Information provided ->
----

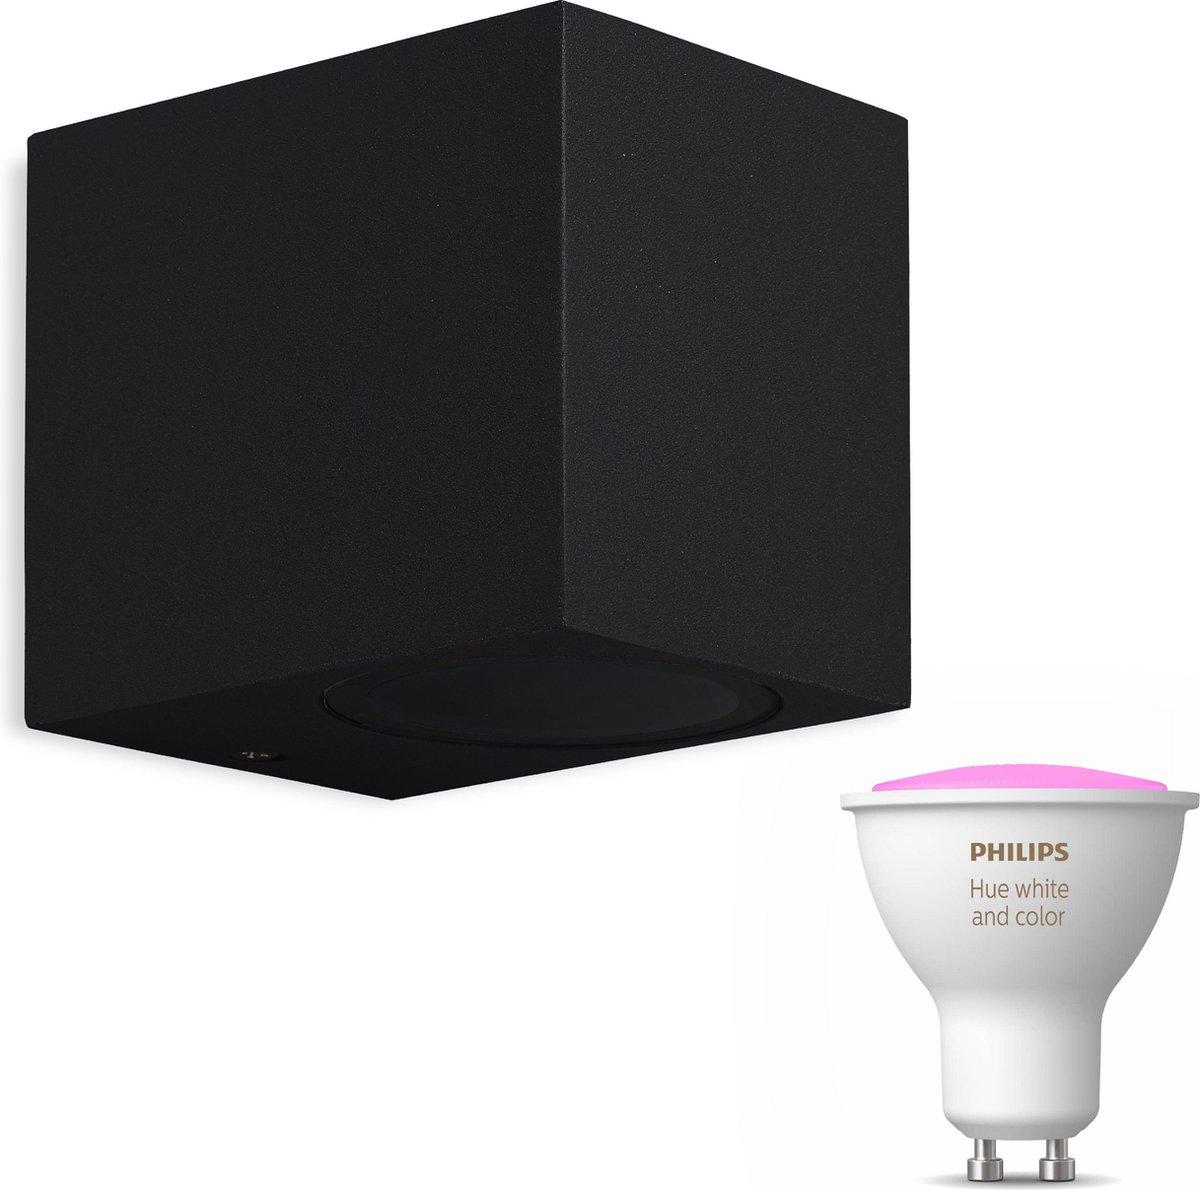 Mantra Kandachu wandlamp vierkant - zwart - 1 lichtpunt - Incl. Philips Hue White & Color Ambiance Gu10 (geschikt voor buitengebruik)
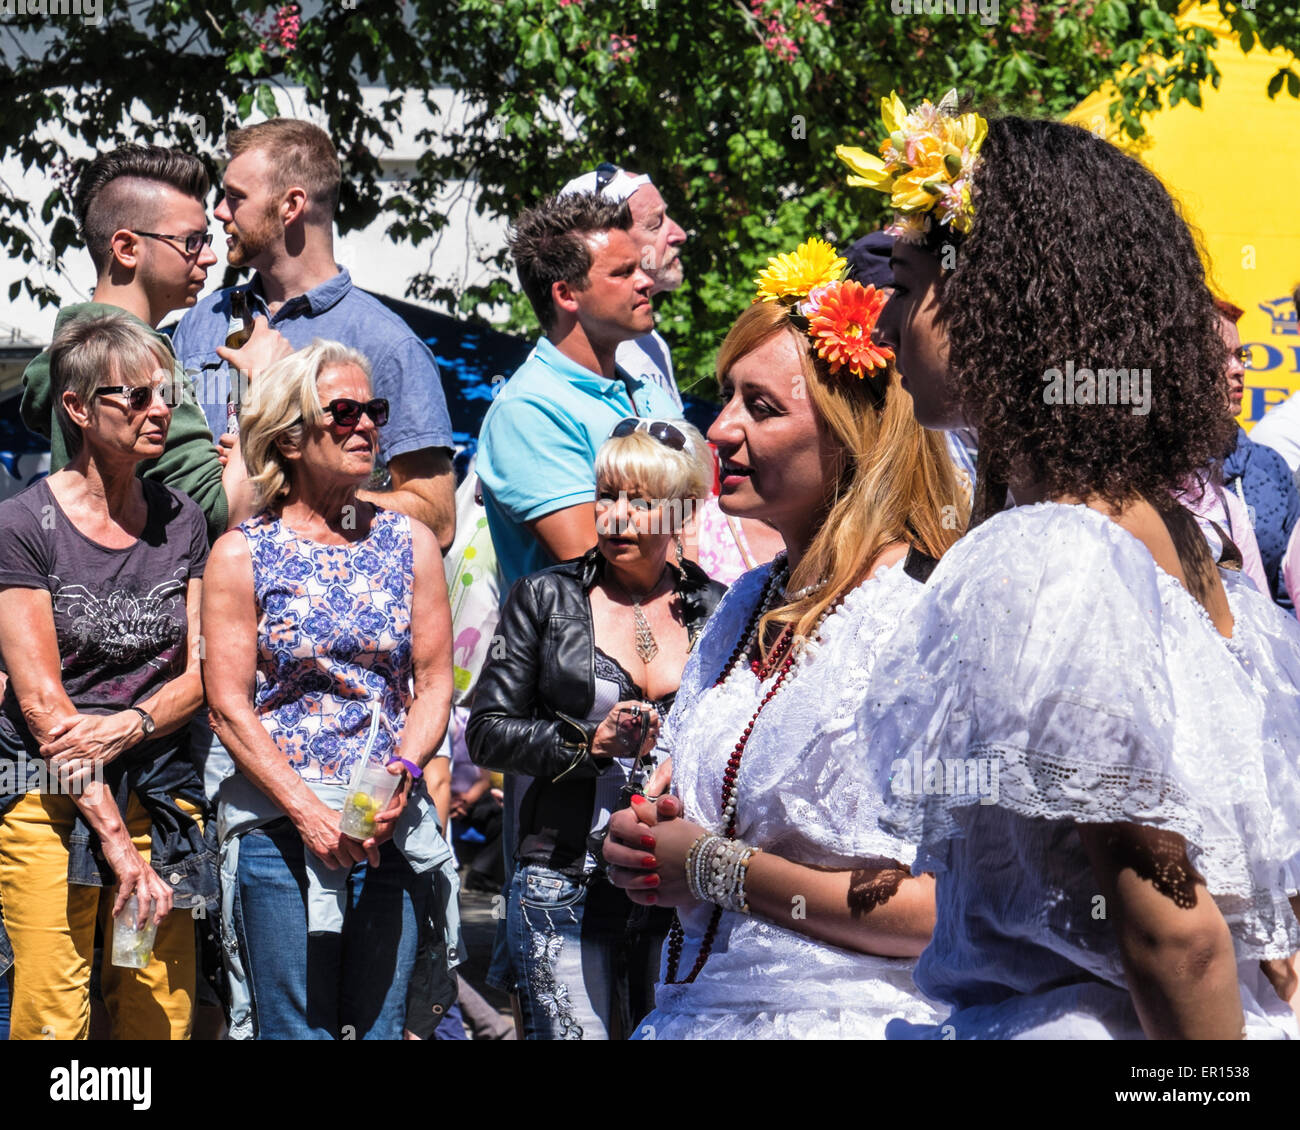 Kreuzberg, Berlín, Alemania, 24 de mayo de 2015. Berlín celebra su diversidad cultural en el Carnaval Imagen De Stock
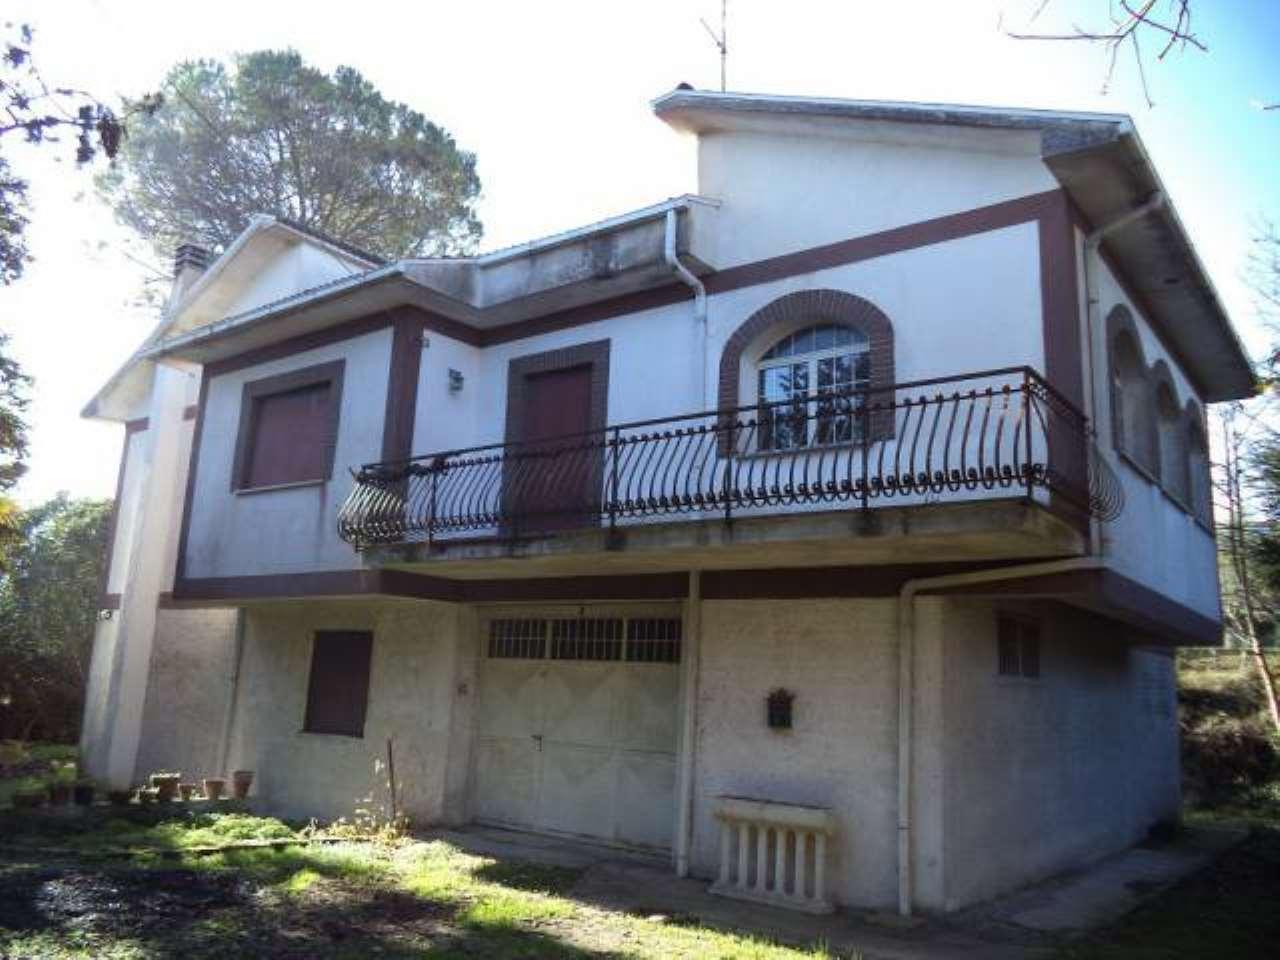 Villa in vendita a Arce, 6 locali, prezzo € 115.000 | CambioCasa.it
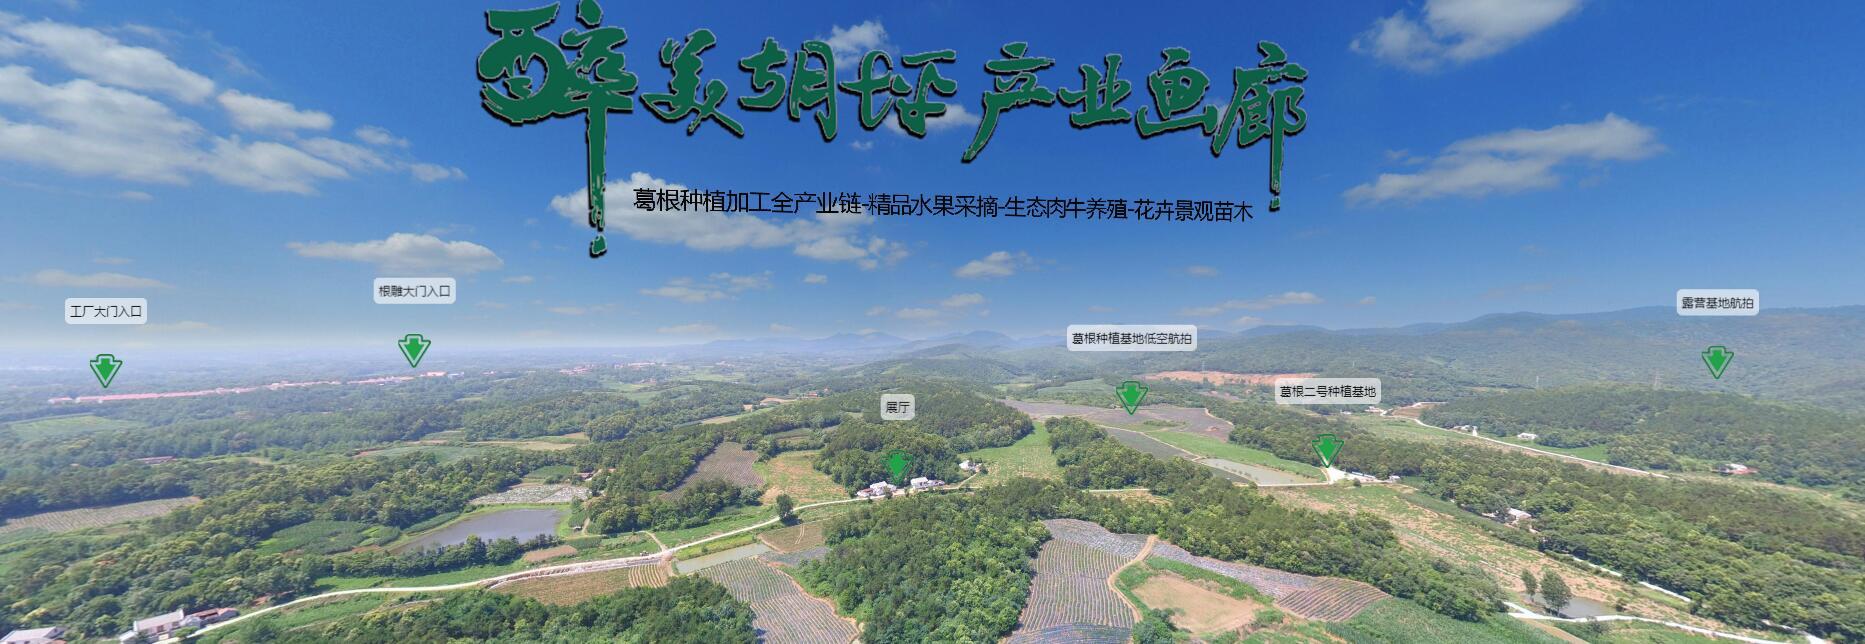 林州VR全景拍摄哪家好 可信赖的VR全景拍摄推荐

----

Aim of the exercise ->
Excluding images, output exactly the lines from the one that holds "Kreuzberg, Berlín, Alemania, 24" through the final line of the material, both ends included.

Solution to the problem ->
 Kreuzberg, Berlín, Alemania, 24 de mayo de 2015. Berlín celebra su diversidad cultural en el Carnaval Imagen De Stock
 Villa in vendita a Arce, 6 locali, prezzo € 115.000 | CambioCasa.it
 林州VR全景拍摄哪家好 可信赖的VR全景拍摄推荐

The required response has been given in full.